**Study material**
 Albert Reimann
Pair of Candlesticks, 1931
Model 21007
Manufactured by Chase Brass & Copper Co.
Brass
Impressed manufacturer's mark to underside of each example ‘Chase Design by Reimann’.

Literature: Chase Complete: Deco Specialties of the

==

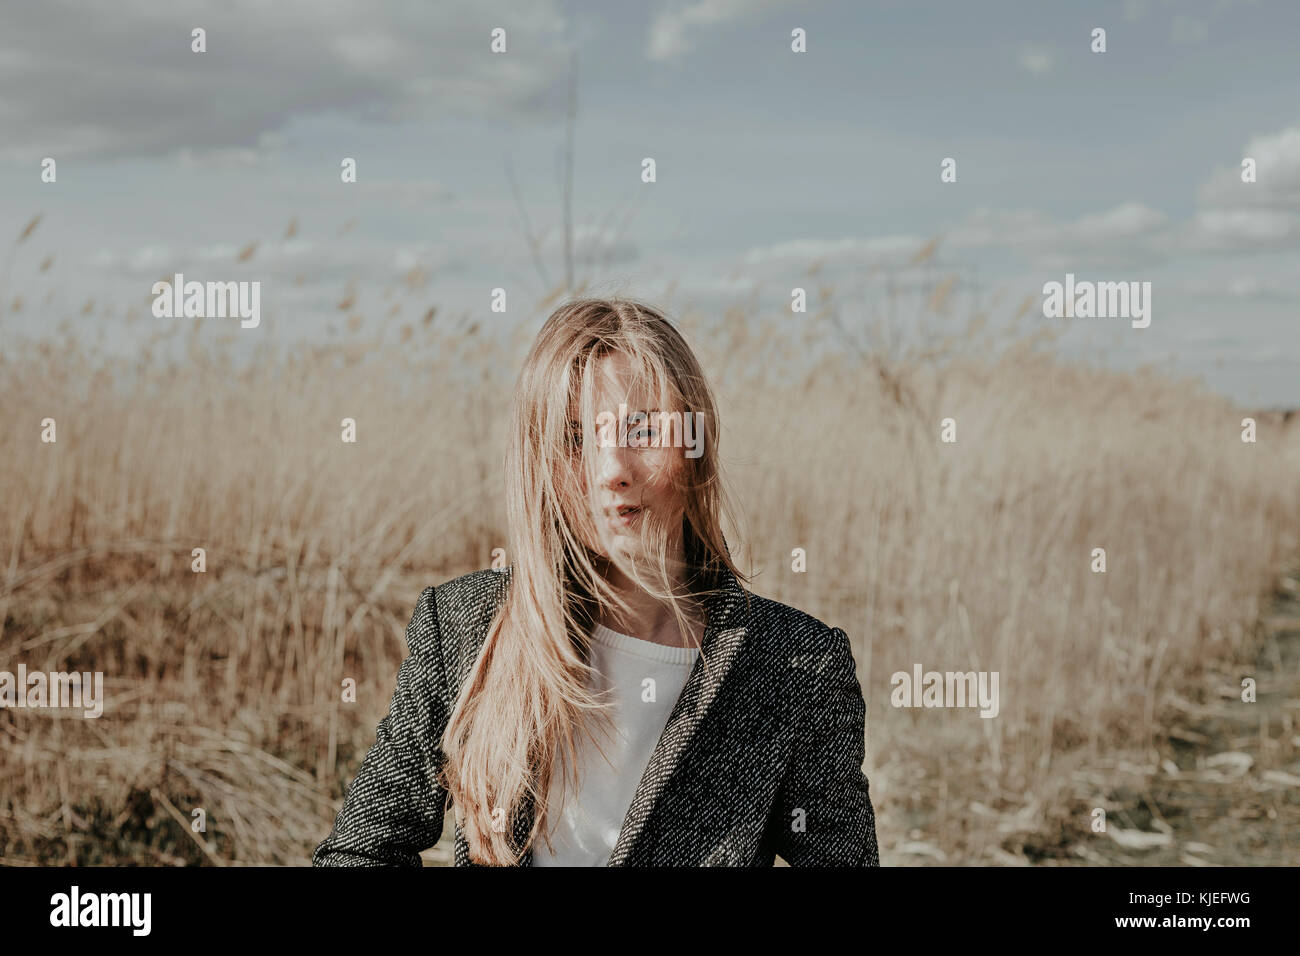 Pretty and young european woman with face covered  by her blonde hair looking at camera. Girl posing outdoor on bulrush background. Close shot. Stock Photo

**Problem**
Output only an exact transcription of the lines above from the one with "Albert Reimann" up to and including the one with "Literature: Chase Complete: Deco".

**Result**
 Albert Reimann
Pair of Candlesticks, 1931
Model 21007
Manufactured by Chase Brass & Copper Co.
Brass
Impressed manufacturer's mark to underside of each example ‘Chase Design by Reimann’.

Literature: Chase Complete: Deco Specialties of the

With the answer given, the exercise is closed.